Doc No:

<N 1875>

Date:

2014-09-29

Reply to:

Max Abramson <[email protected]>



Adding classes to C

Summary

This paper proposes the addition of C++ style classes used in the C programming language. The benefit over programs written in C++ is shorter compile times and smaller executables than those for programs which nevertheless require object-oriented features familiar to nearly all modern programmers, a reduced memory footprint than comparable object-oriented code, as well as better interoperability with existing C code and libraries. Only static features that are compatible both with existing C++ (and, as much as possible, Objective C) compilers are used. The emphasis on speed and small size, as compared to dynamic languages, is recognized by this author as aligning itself with the growing use of the C language where performance, size, and real time applications is desired.

The intent of this proposal (as with the accompanied papers suggesting both access specifiers and single inheritance), is to take the most conservative approach possible. I propose adding features already implemented by C++ compilers (and, wherever possible, that are not incompatible with Objective C) that are not likely to create problems for future expansions to the C language, to increase compile time, the difficulty in implementing dedicated C compilers, or to expand the size of binaries generated for existing projects. This paper proposes features that may be added independently or together with the features proposed in “Access specifiers” and/or “Single Inheritance.”

Initializers and Deleters

Members of a class can be initialized using a C-style initialization list:

Date stValentinesDay = (2, 15);

or by calling a custom initializer method, using a proposed initClass and deleteClass naming conventions:

Date thanksgiving.initDate(11, 22);

At present, some compilers will not allow initialization lists to be used where a structure contains any objects, such as strings, nor can data members be skipped over:

Date birthday = (“February”, , 1996);

This author considers this to be a major shortcoming of simple initialization which should be added as part of the standard. While automatic constructors and destructors are some of the most popular features in C++, this paper proposes this more conservative naming convention, manually writing both initClassName() and deleteClassName() methods which are called explicitly only when needed. One downside to this is that initializer methods must explicitly call the initializer of the base class if it any parent classes contain instance variables.

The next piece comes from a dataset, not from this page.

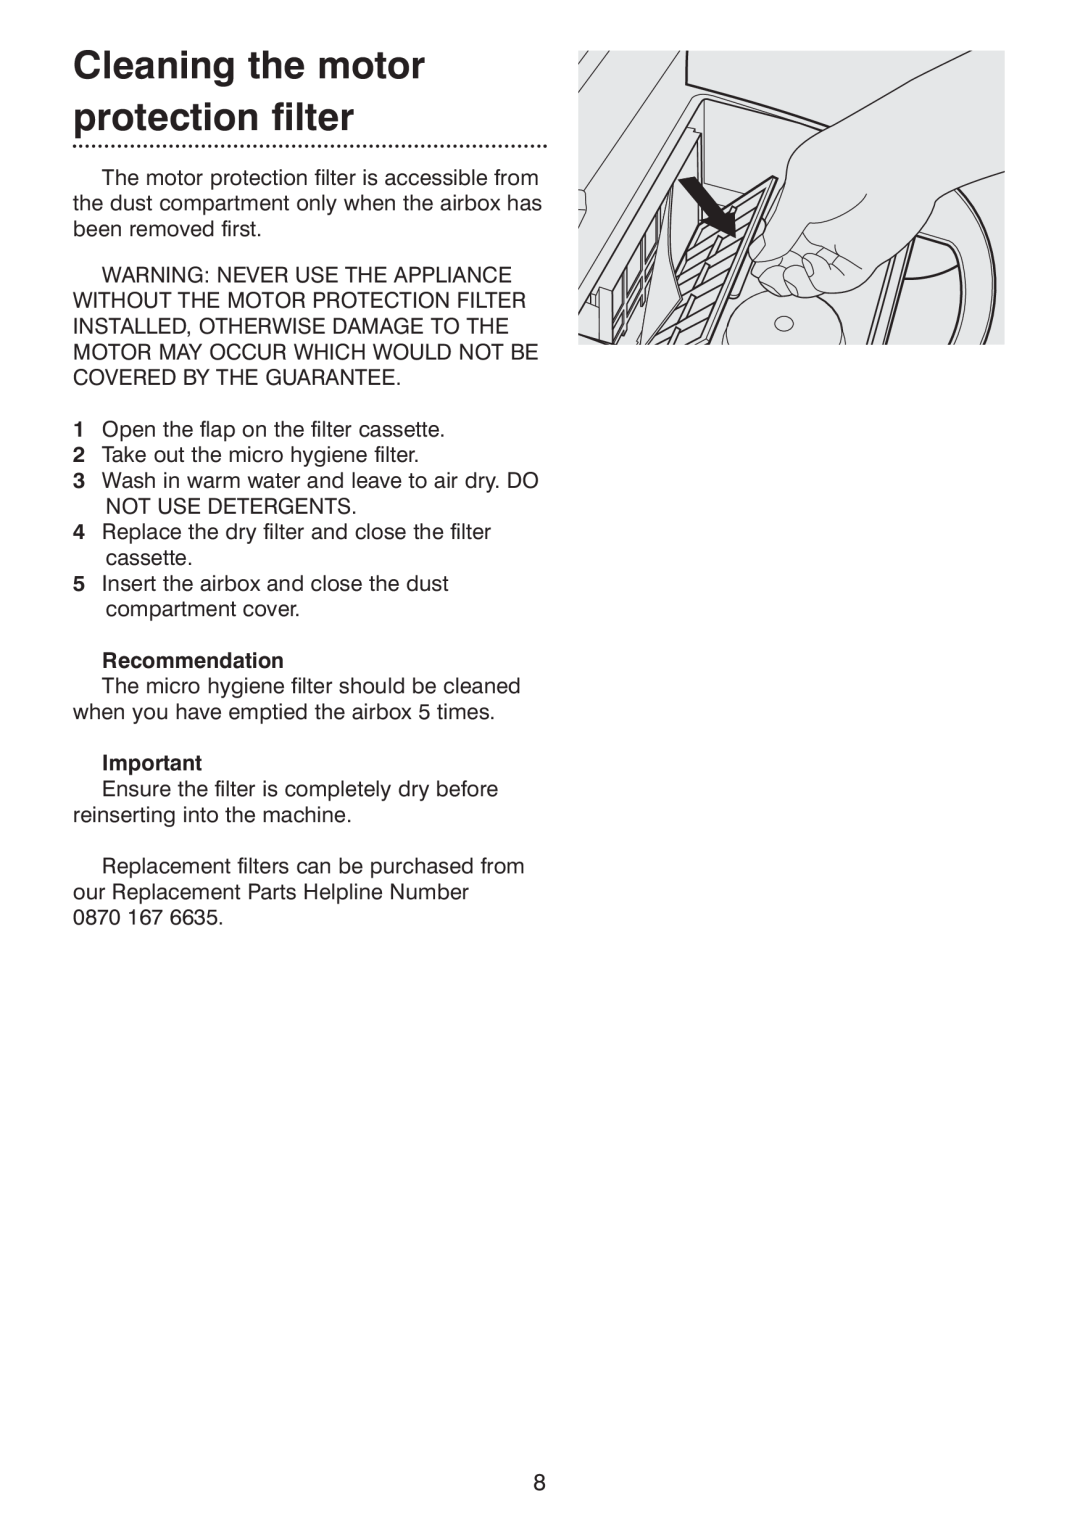 Morphy Richards Ecovac 70096 Rev 2 (Page 1) manual Cleaning the motor protection filter, Recommendation

class Ostrich : public Animal {

initOstrich(){/**/} //no-argument “{/**/}” proposed convention for //unfinished initializer

initOstrich(double speedGuess) { //overloaded initializer taking one double

initAnimal(arg1, arg2);

double* guessPtr = malloc(sizeof(double));

(speedGuess) ? m_speedEst = speedGuess : m_speedEst = SPEED_LOOKUP;

++numRatites; //pre-increment is faster when working with objects

}

deleteOstrich() {

--numRatites; //static int numRatites, previously declared globally

}

deleteOstrich(double speedGuess) {

--numRatites; //static int numRatites, previously declared globally

free speedGuess;

deleteAnimal();

}

};

For reference, C++ handles backward compatibility with C programs by implementing a structure using a class, though the default data members and methods remain public, by default, while C++ classes make members and methods private by default. C++ handles methods by building a list of pointers to those methods.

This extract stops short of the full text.